CHAMBLISS NEVER FORGAVE ME FOR TAKING THE CHILDREN OUT OF that church. He warned me then that in leaving the church I was leaving my life as I’d known it, and that those folks wouldn’t ever accept me the way they once had and that I’d always be an outsider. I told him I wasn’t leaving the church, I was just leaving him, but I knew he was right. I lost friendships I’d had just about my whole life, and it hurt me. It still does. But for ten years I kept those children out, kept them safe. Once the service started, I’d take them across the road and down to the river when it was nice and warm, or folks would just drop them off at my house in the wintertime or if it was raining. We’d have us a little Sunday school lesson, then they’d play outside. Sometimes we’d make things, color pictures, and sing songs. But I didn’t step another foot inside that church for ten years, and I hardly said more than a “hello” to Carson Chambliss in all that time. And for a while there it was real nice, that little truce. I had my little congregation and he had his, and we didn’t have hardly anything to do with each other. I felt like I was doing what the Lord wanted me to do with those children.

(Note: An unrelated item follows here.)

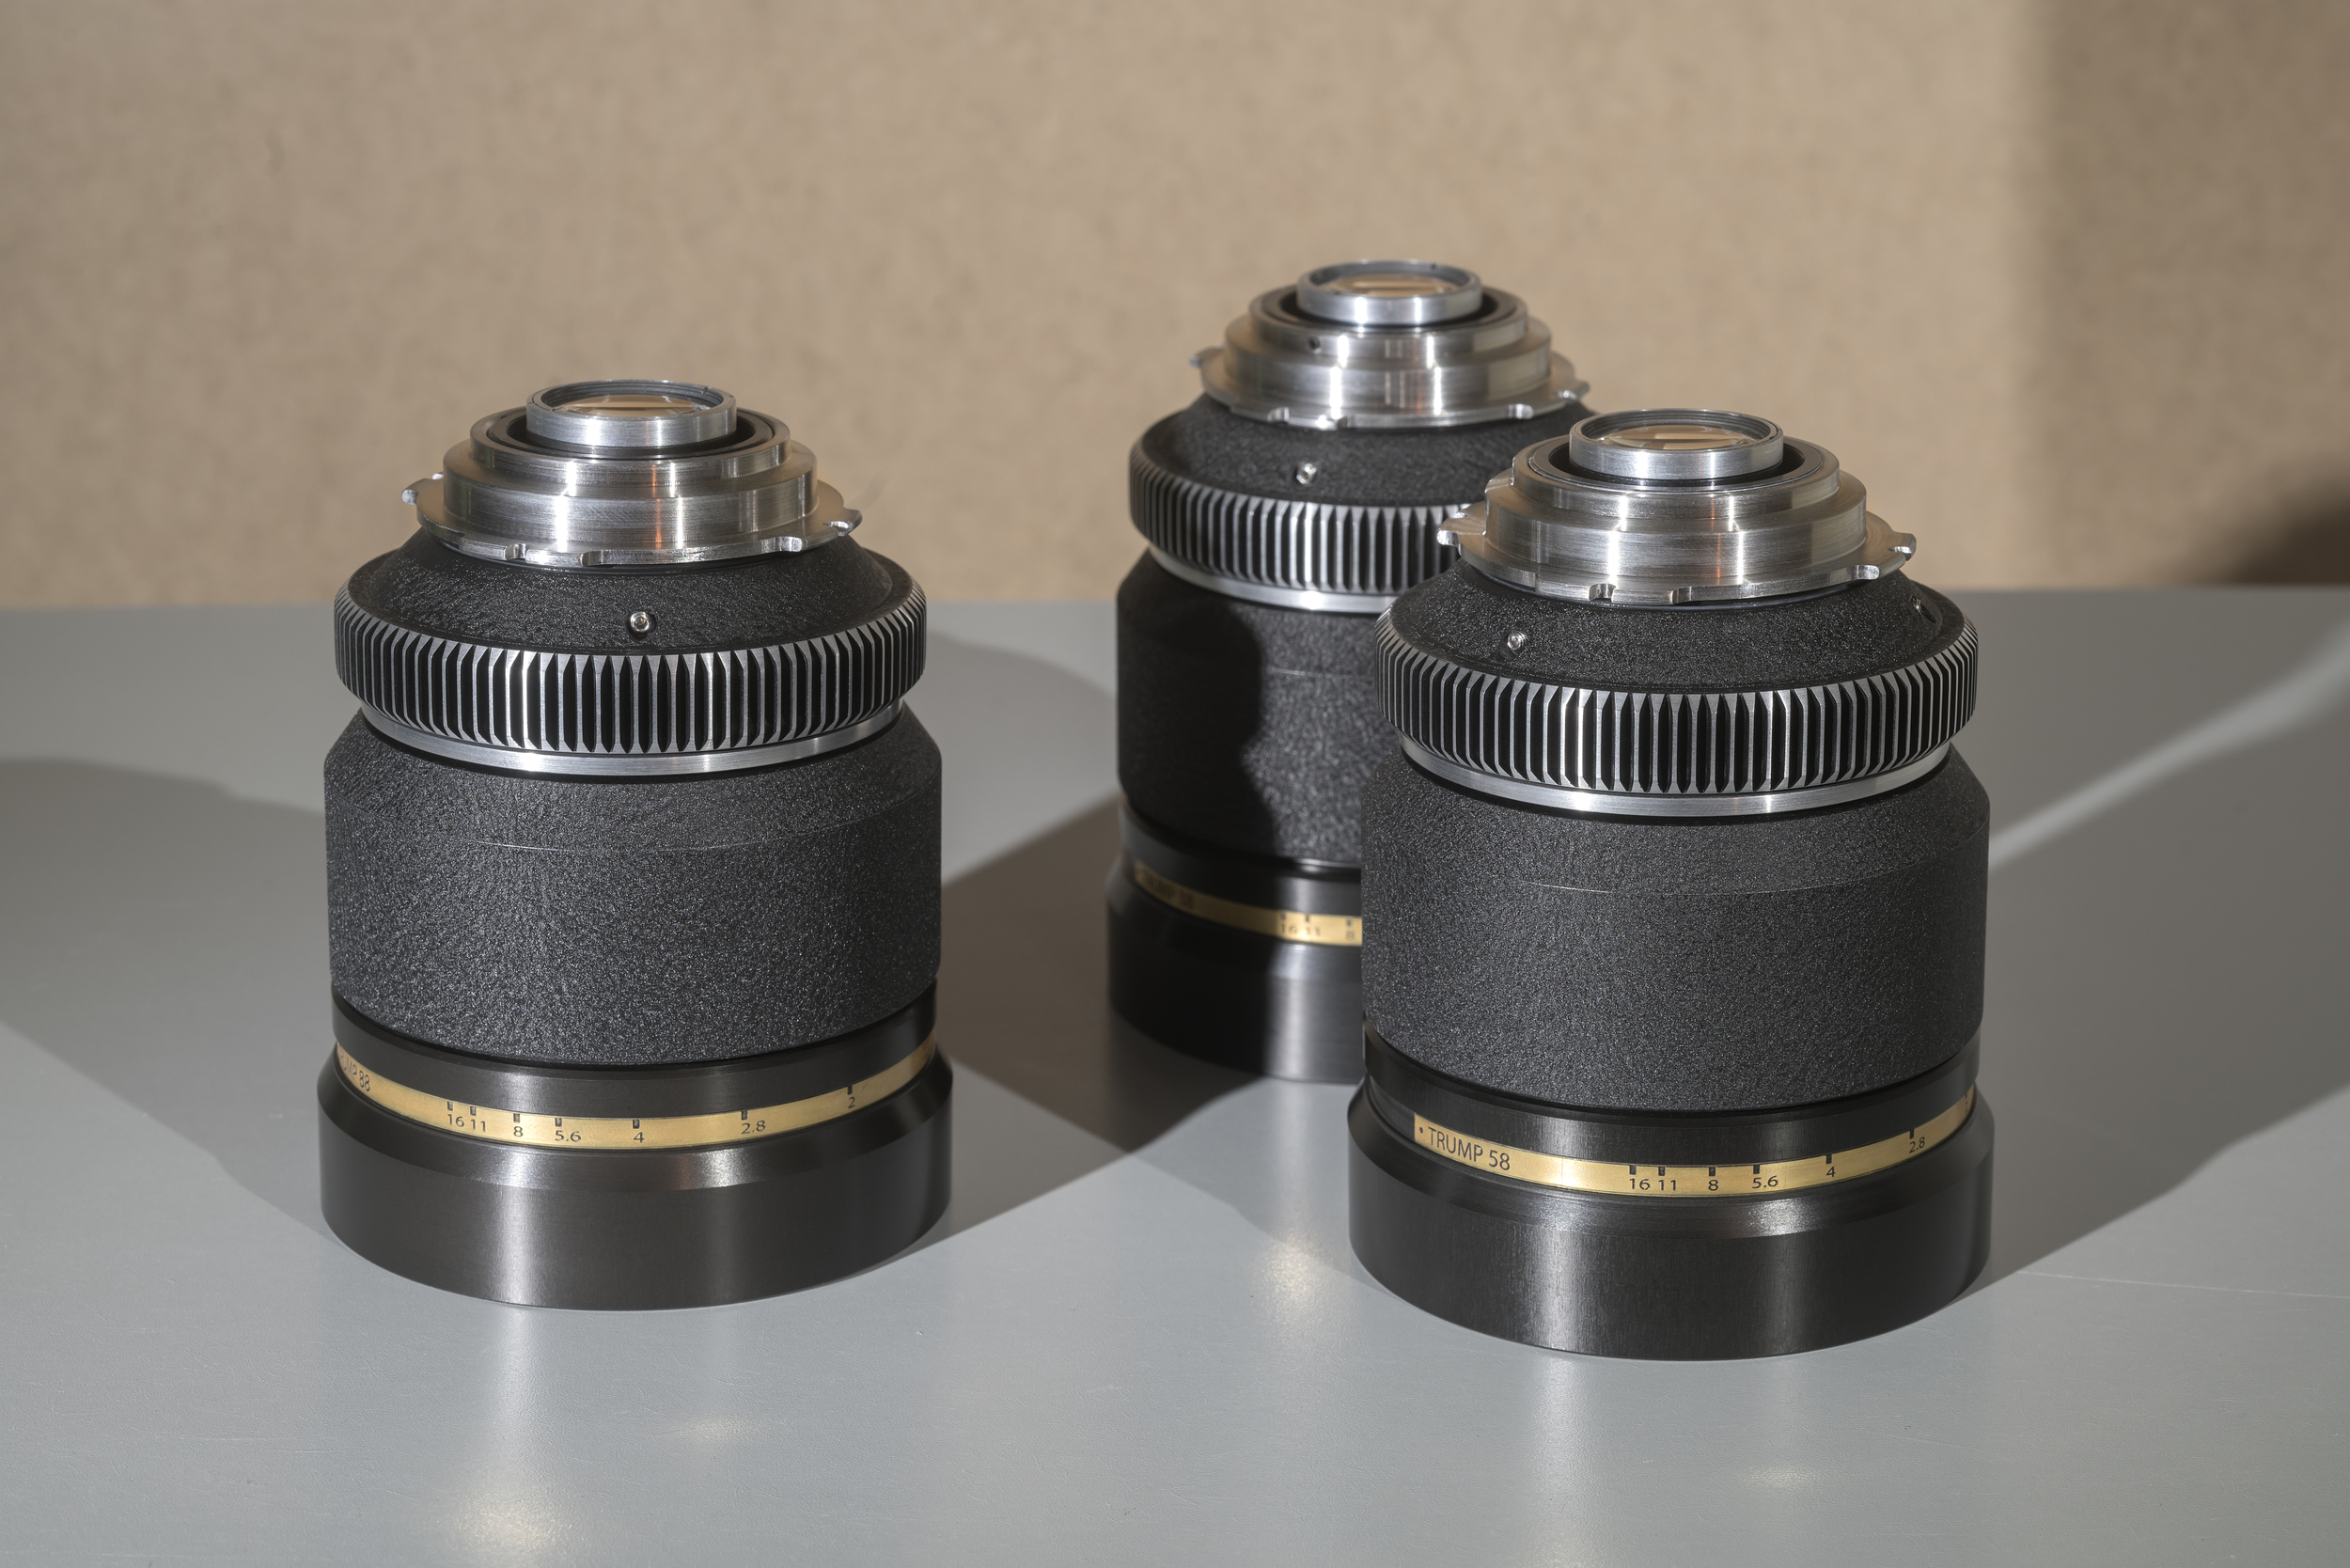 TRUMP 3 Lens Set - Graphite Black.jpg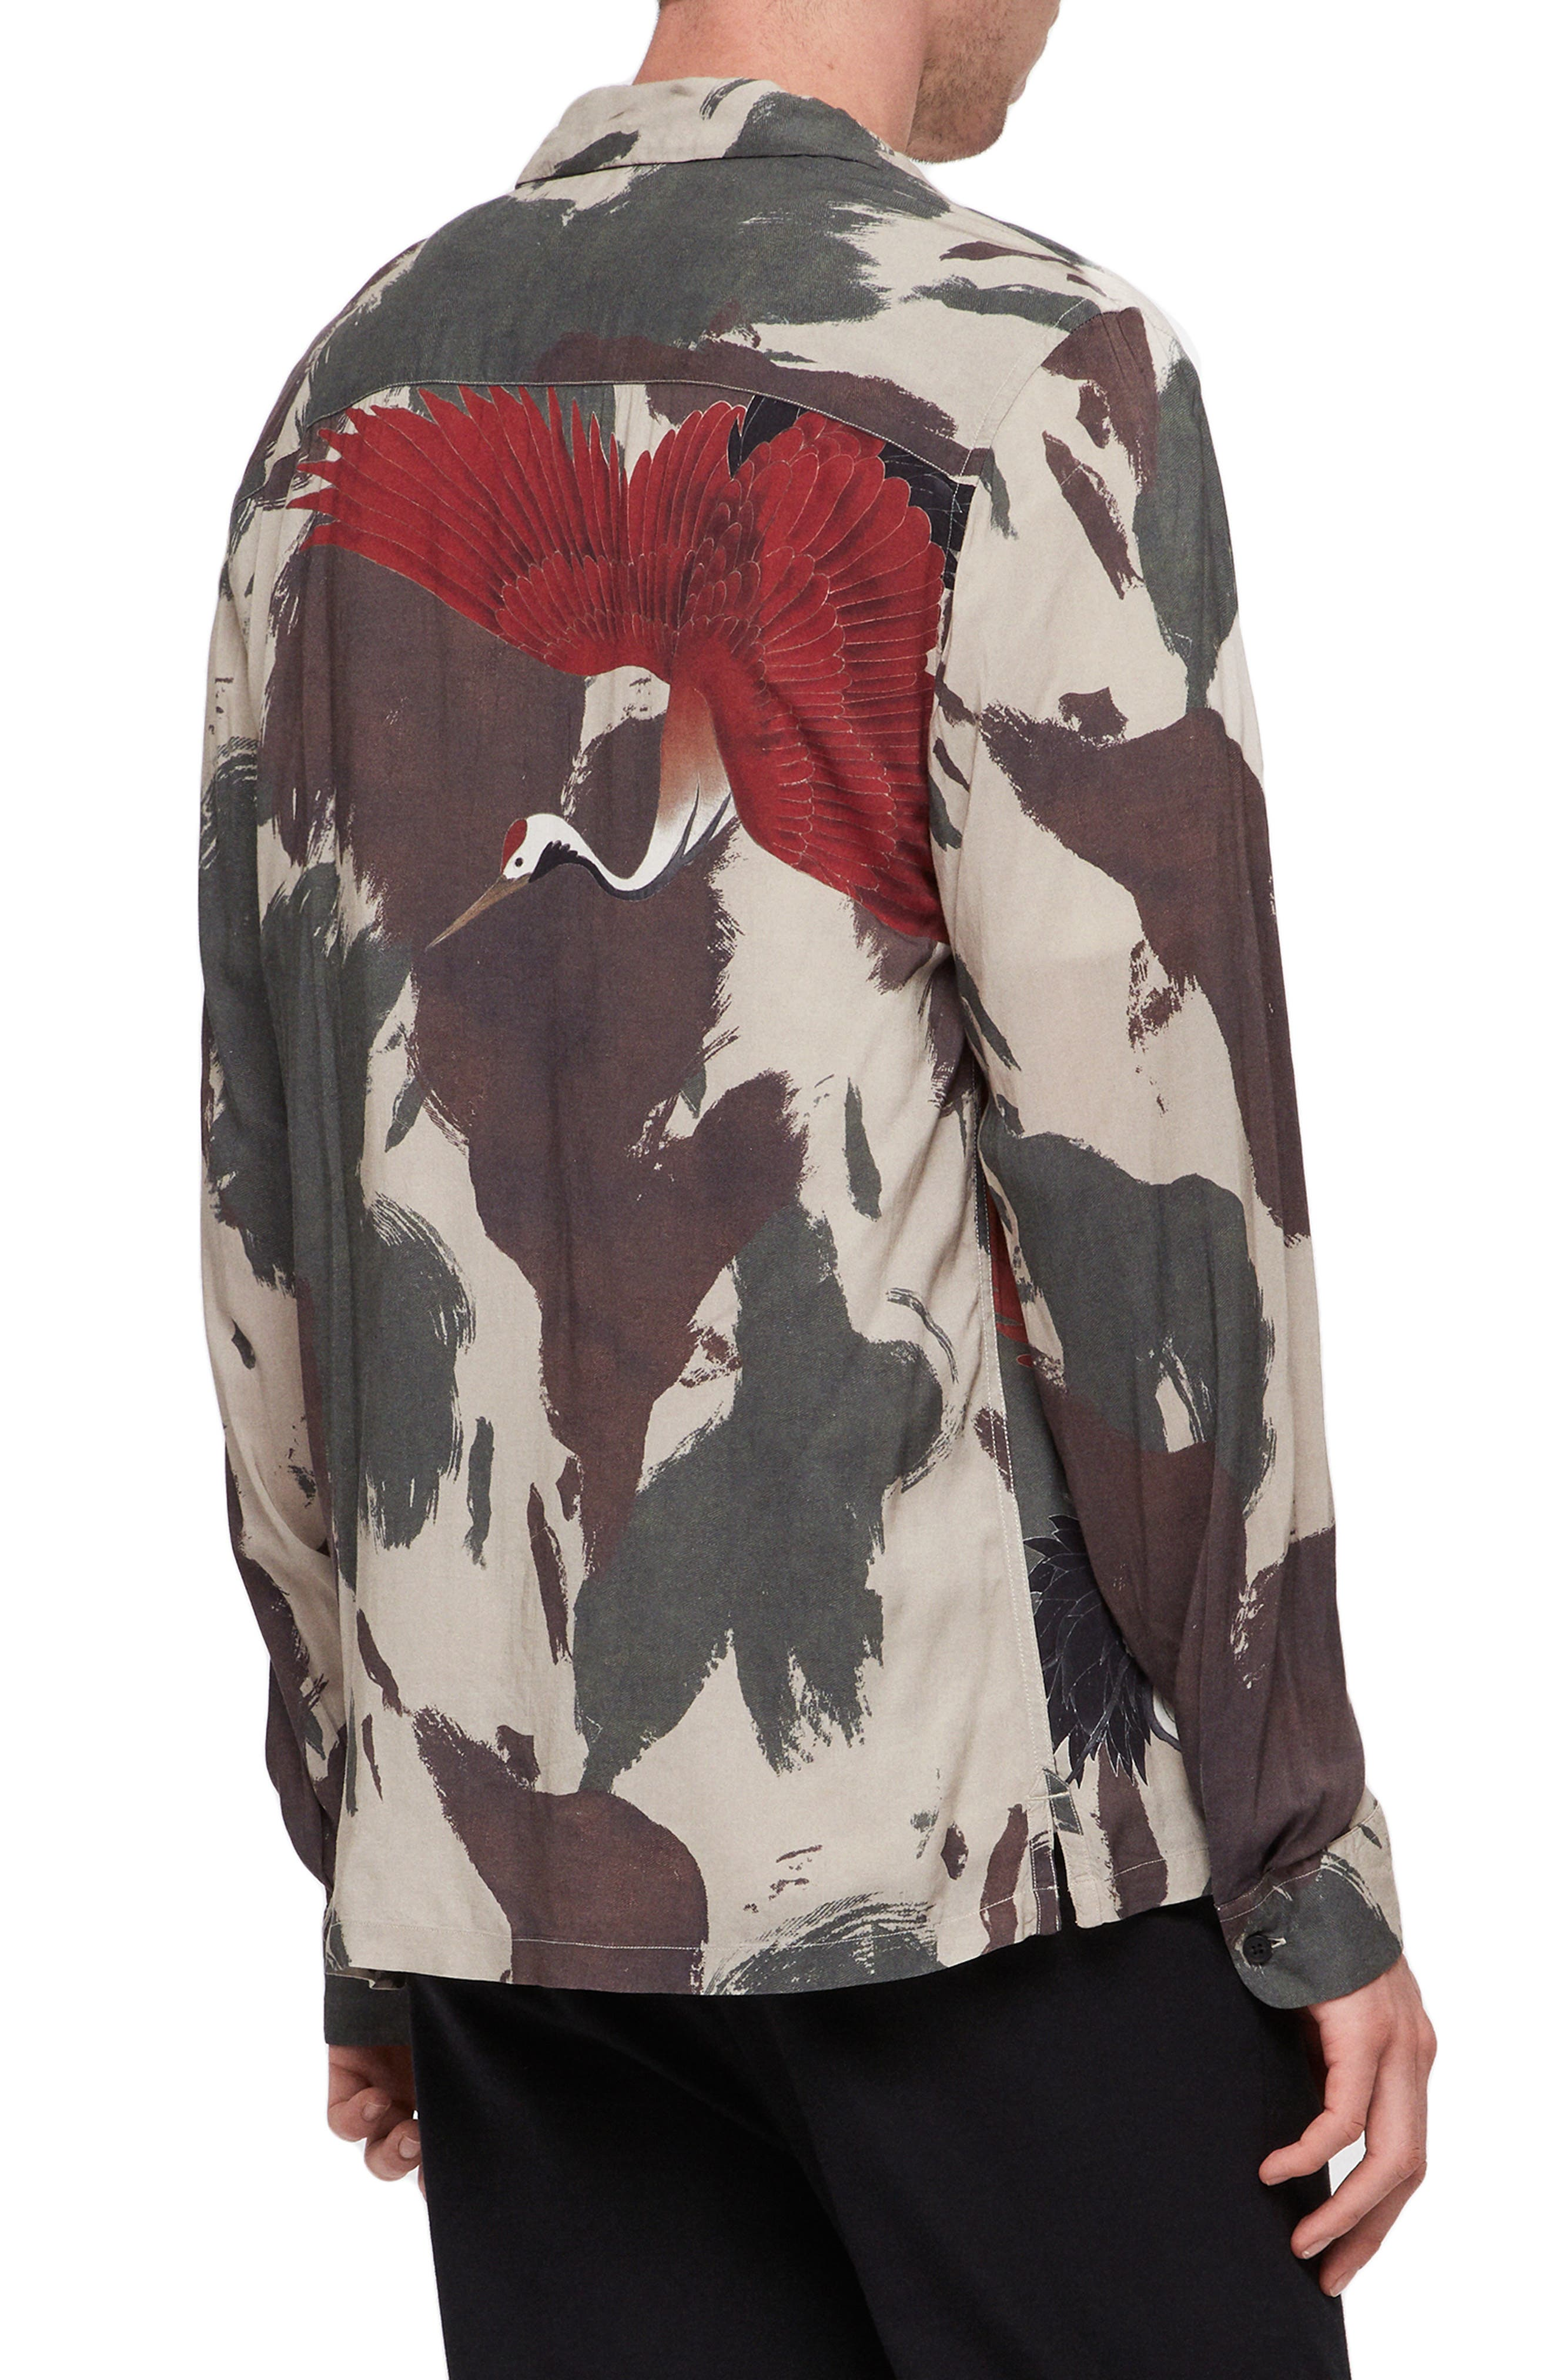 Lucerne Slim Fit Shirt,                             Alternate thumbnail 3, color,                             300

But I should’ve known it couldn’t have gone on like that, and I should’ve known that something terrible was going to happen again. But there was just no way I could have guessed it would happen to one of mine. I tried to keep them children out of that church, and for ten years I did, but that ten years didn’t do nothing for Carson Chambliss but make him ten years older and braver and ten years more reckless too. And here I was on a Thursday afternoon, sitting outside a church I thought I’d never see the insides of again, waiting to talk to a man I was afraid of being alone with. It was the only time in my life I’d ever gone to church out of fear.

I sat out there in my car with the windows rolled down and my keys still swinging from the ignition, and I stared at the church through all that bright heat and thought about him sitting in there in all that dark and waiting. The sound of that gravel dust getting blown through the parking lot could’ve been bare feet shuffling across the hallway the night before, when Julie was standing in the doorway watching me hunched over the bed in my funeral clothes. I finished folding the covers down, then I turned around and settled myself by the quilt that was slung over the footboard, and I smoothed out my dress and looked up at her. She didn’t have a black dress to wear because she’d had to leave so many things behind right after it happened, and I ended up giving her one of mine. It hadn’t been worn for years, and I reckon it had fell out of fashion well before I’d come to own it, but she seemed glad to have it and it looked just fine on her. She almost looked like a young girl, even though she was a woman a couple years past thirty who’d just buried her son. When we’d come in from the funeral, she’d gone into the bedroom across the hall and closed the door. I heard the old springs on the bed give a creak when she laid down on it. I imagined her in there on that bed with her eyes wide open staring at the ceiling until the room got too dark to see it. Then she’d opened the door and come across the hall with her hair let down just as long and pretty as it could be. About the color of sweet corn. I could see she’d done a little more crying.